Re: [PATCH] pid: Add the judgment of whether ns is NULL in the find_pid_ns

From: Christian Brauner
Date: Wed Jul 26 2023 - 05:27:41 EST


On Wed, Jul 26, 2023 at 09:23:13AM +0800, Xuewen Yan wrote:
> On Tue, Jul 25, 2023 at 8:47 PM Christian Brauner <brauner@xxxxxxxxxx> wrote:
> >
> > On Tue, Jul 25, 2023 at 08:24:18PM +0800, Xuewen Yan wrote:
> > > On Tue, Jul 25, 2023 at 4:49 PM Christian Brauner <brauner@xxxxxxxxxx> wrote:
> > > >
> > > > On Thu, Jul 13, 2023 at 03:17:13PM +0800, Xuewen Yan wrote:
> > > > > There is no the judgment of whether namspace is NULL in find_pid_ns.
> > > > > But there is a corner case when ns is null, for example: if user
> > > > > call find_get_pid when current is in exiting, the following stack would
> > > > > set thread_id be null:
> > > > > release_task
> > > > > __exit_signal(p);
> > > > > __unhash_process(tsk, group_dead);
> > > > > detach_pid(p, PIDTYPE_PID);
> > > > > __change_pid(task, type, NULL);
> > > > >
> > > > > If user call find_get_pid at now, in find_vpid function, the
> > > >
> > > > I fail to see how this can happen. The code you're referencing is in
> > > > release_task(). If current has gone through that then current obviously
> > > > can't call find_vpid() on itself anymore or anything else for that
> > > > matter.
> > >
> > > This happened when user calls find_vpid() in irq.
> > >
> > > [72117.635162] Call trace:
> > > [72117.635595] idr_find+0xc/0x24
> > > [72117.636103] find_get_pid+0x40/0x68
> > > [72117.636812] send_event+0x88/0x180 [demux]
> > > [72117.637593] vbvop_copy_data+0x150/0x344 [demux]
> > > [72117.638434] dmisr_video_parsing_mpeg12+0x29c/0x42c [demux]
> > > [72117.639393] dmisr_video_parsing_switch+0x68/0xec [demux]
> > > [72117.640332] dmisr_handle_video_pes+0x10c/0x26c [demux]
> > > [72117.641108] tasklet_action_common+0x130/0x224
> > > [72117.641784] tasklet_action+0x28/0x34
> > > [72117.642366] __do_softirq+0x128/0x4dc
> > > [72117.642944] irq_exit+0xf8/0xfc
> > > [72117.643459] __handle_domain_irq+0xb0/0x108
> > > [72117.644102] gic_handle_irq+0x6c/0x124
> > > [72117.644691] el1_irq+0x108/0x200
> > > [72117.645217] _raw_write_unlock_irq+0x2c/0x5c
> > > [72117.645870] release_task+0x144/0x1ac <<<<<<
> > > [72117.646447] do_exit+0x524/0x94c
> > > [72117.646970] __do_sys_exit_group+0x0/0x14
> > > [72117.647591] do_group_exit+0x0/0xa0
> > > [72117.648146] __se_sys_exit+0x0/0x20
> > > [72117.648704] el0_svc_common+0xcc/0x1bc
> > > [72117.649292] el0_svc_handler+0x2c/0x3c
> > > [72117.649881] el0_svc+0x8/0xc
> > >
> > > In release_task, write_unlock_irq(&tasklist_lock) will open irq, at
> > > this time, if user calls find_get_pid() in irq, because
> > > current->thread_id is NULL,
> > > it will handle the NULL pointer.
> >
> > Uhm, where is that code from?

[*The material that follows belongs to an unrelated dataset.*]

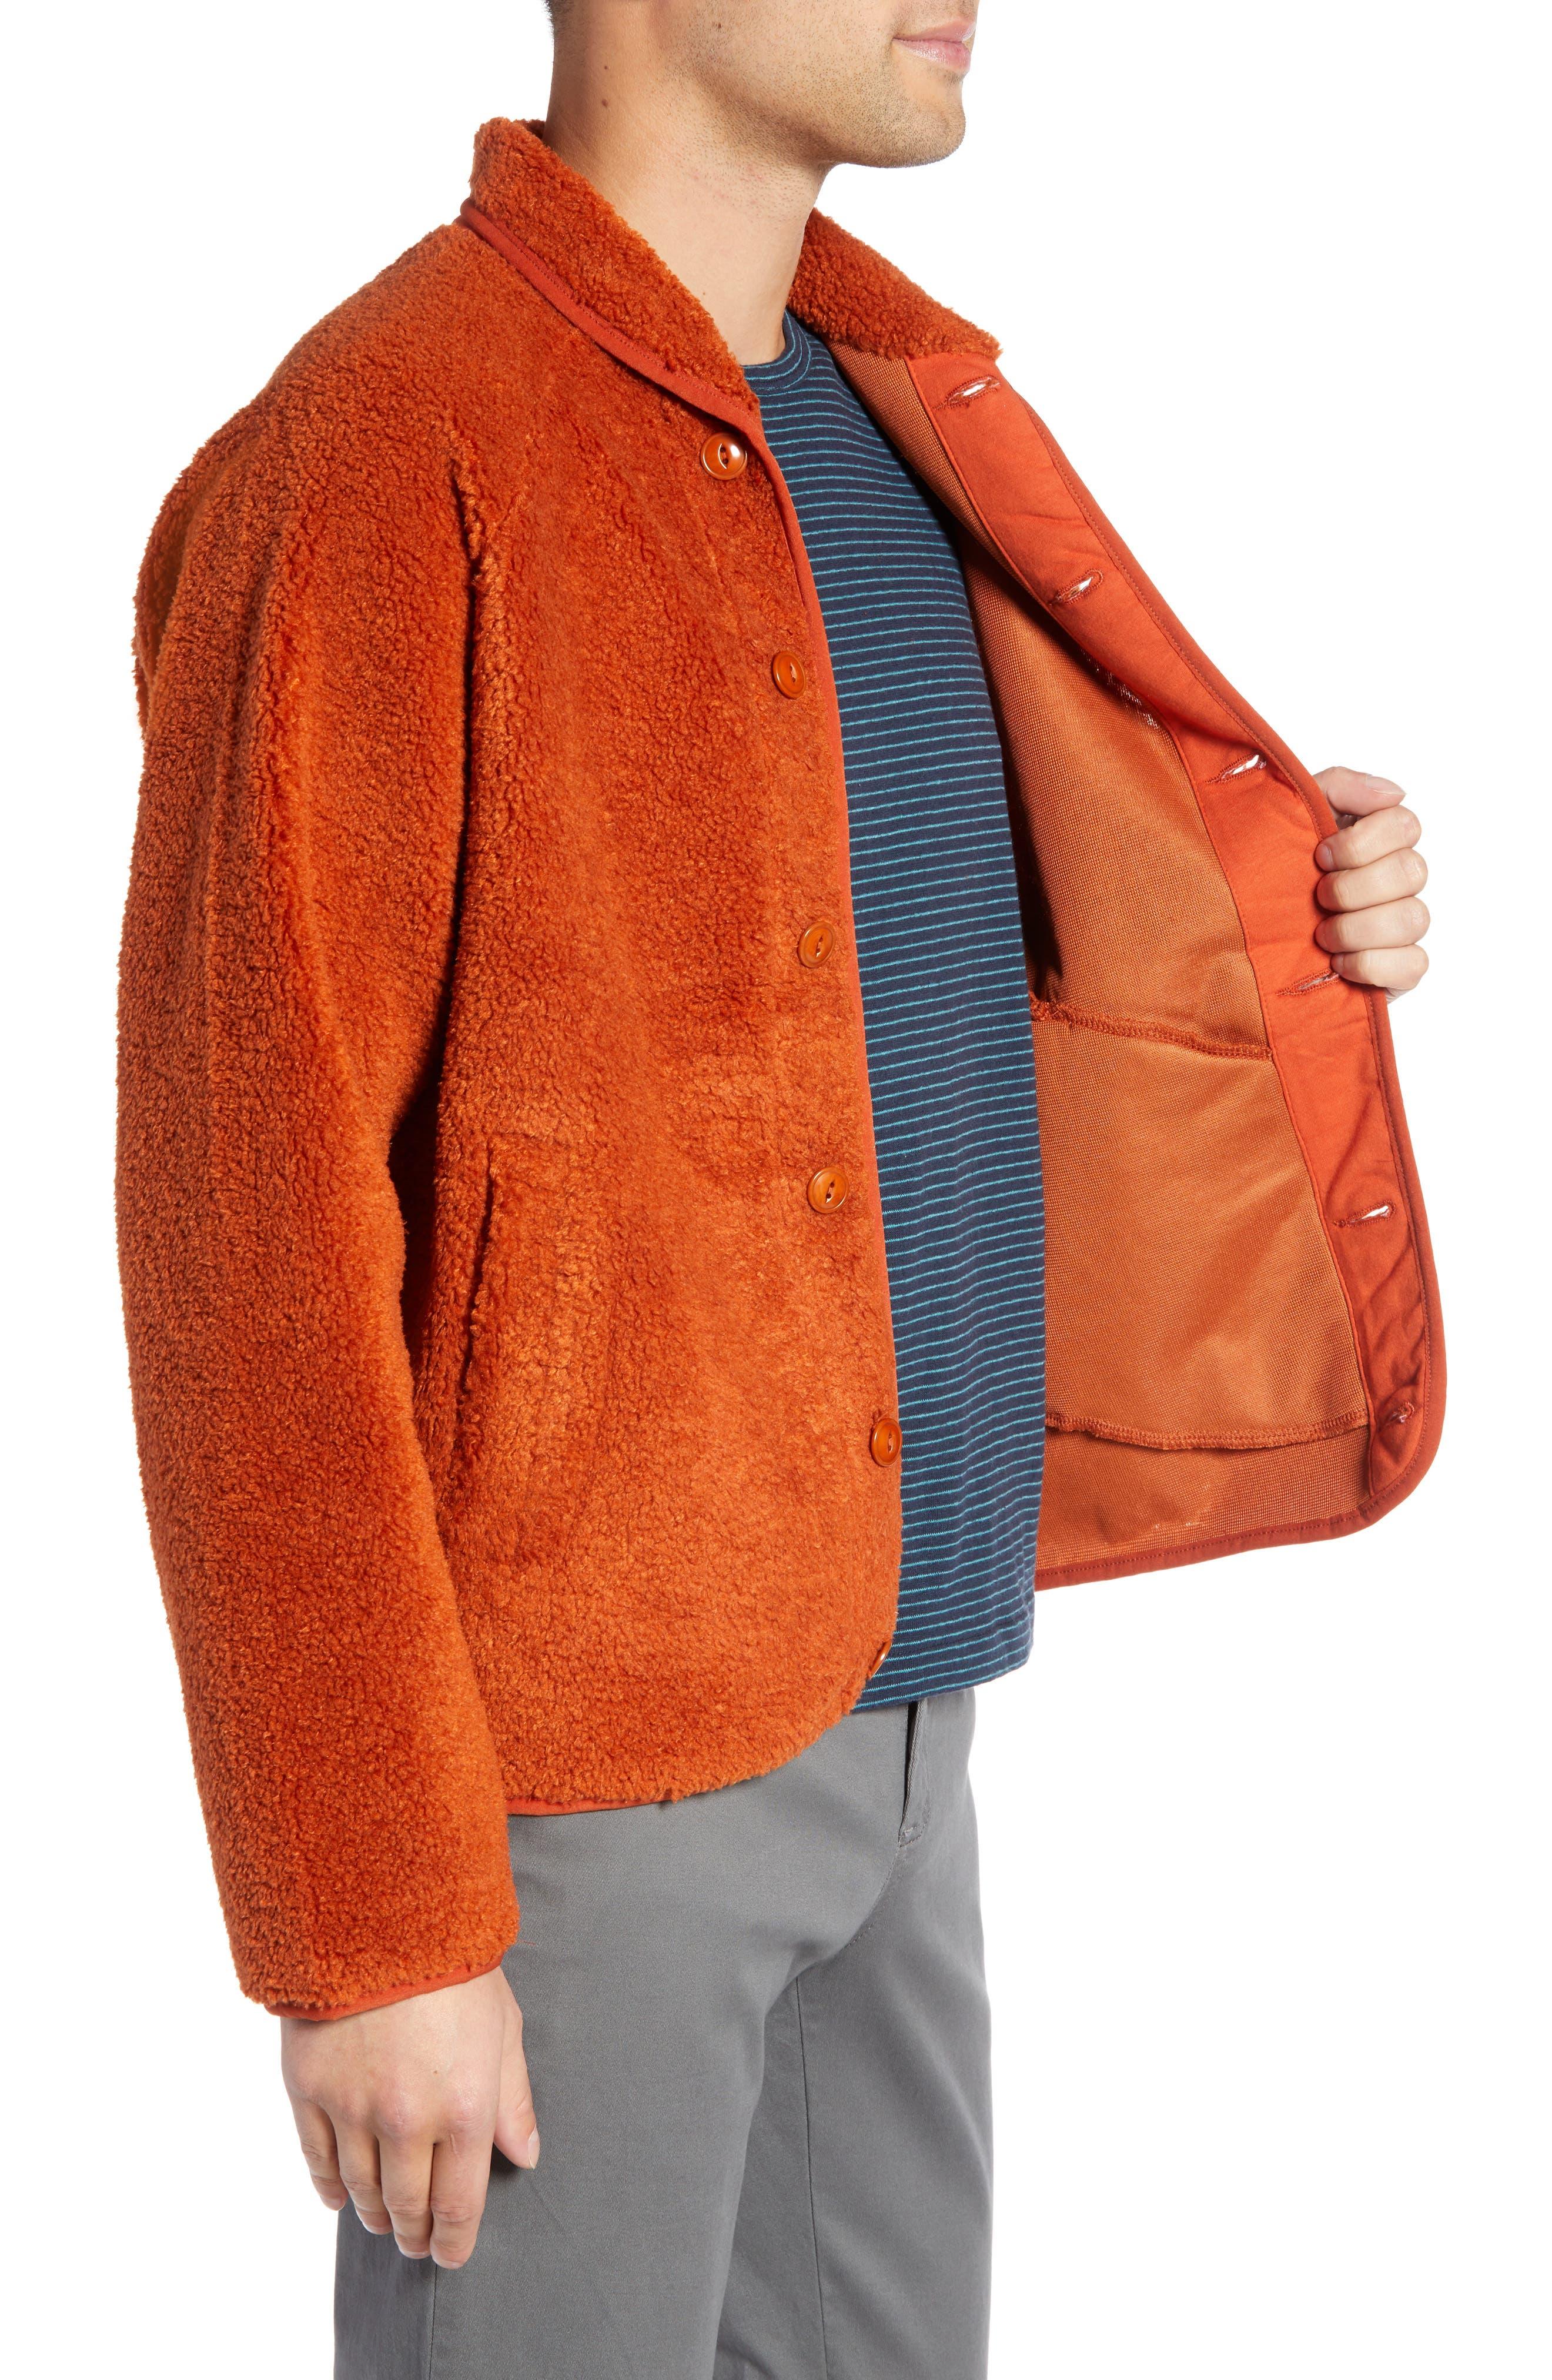 Beach Fleece Jacket,                             Alternate thumbnail 3, color,                             600

This doesn't seem to be upstream.
>
> It's from our own platform, we found someone called find_get_pid() in
> the module, and caused the crash.

So this is a bug report for an out of tree driver which I'm sure you're
aware we consider mostly irrelevant unless this is an upstream issue.

Please work around or better fix this in your out of tree driver or
please show a reproducer how this can happen on upstream kernels.

Otherwise I don't see why we'd care.